Testing solution version 6

We’ll check for accuracy first with the lower limits where we can inspect the results

primes = find_primes_under()
print(primes)

>>> There are 8 prime numbers between 0 and 20.
>>> The largest prime is 19.
>>> The calculation took 0.0 seconds.
>>> {2, 3, 5, 7, 11, 13, 17, 19}


primes = find_primes_under(100)
print(primes)

>>> There are 25 prime numbers between 0 and 100.
>>> The largest prime is 97.
>>> The calculation took 0.0 seconds.
>>> {2, 3, 5, 7, 11, 13, 17, 19, 23, 29, 31, 37, 41, 43, 47, 53, 59, 61, 67, 71, 73, 79, 83, 89, 97}

OK, so that’s what we would expect. Our algorithm seems to be working.

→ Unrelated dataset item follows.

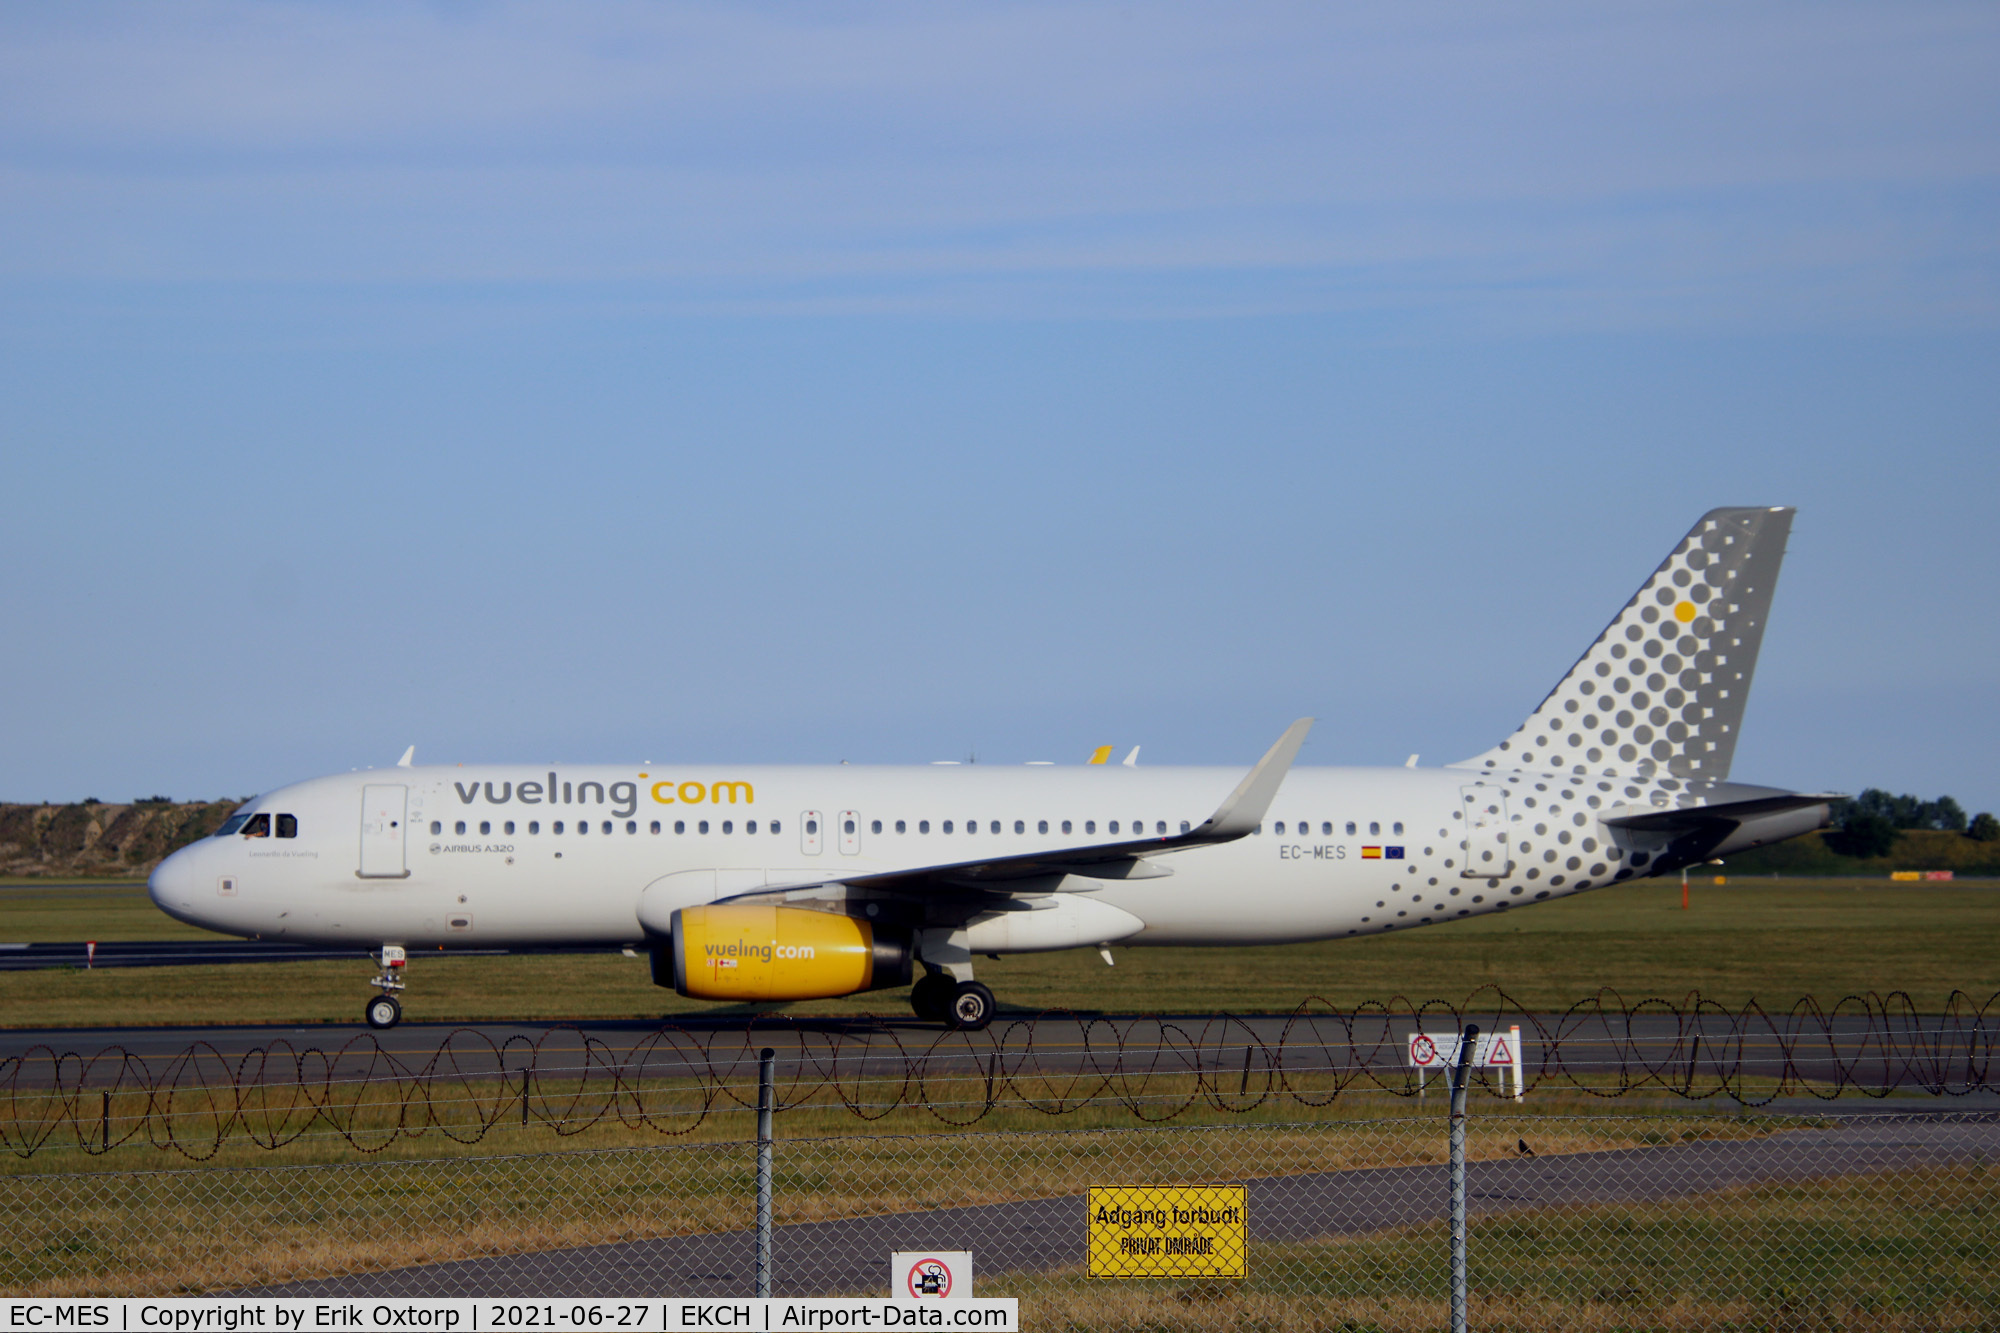 EC-MES, 2015 Airbus A320-232 C/N 6518, EC-MES landing fw 04L

Now let’s try a comparative speed test on a limit of 1,000,000


primes = find_primes_under(1000000)

>>> There are 78498 prime numbers between 0 and 1000000.
>>> The largest prime is 999983.
>>> The calculation took 0.25096797943115234 seconds.

Now that’s impressive. We have calculated all the prime numbers up to a million, accurately, in a quarter of a second, using only Python data types, and the Python interpreter. This is faster than our original inaccurate algorithm as well.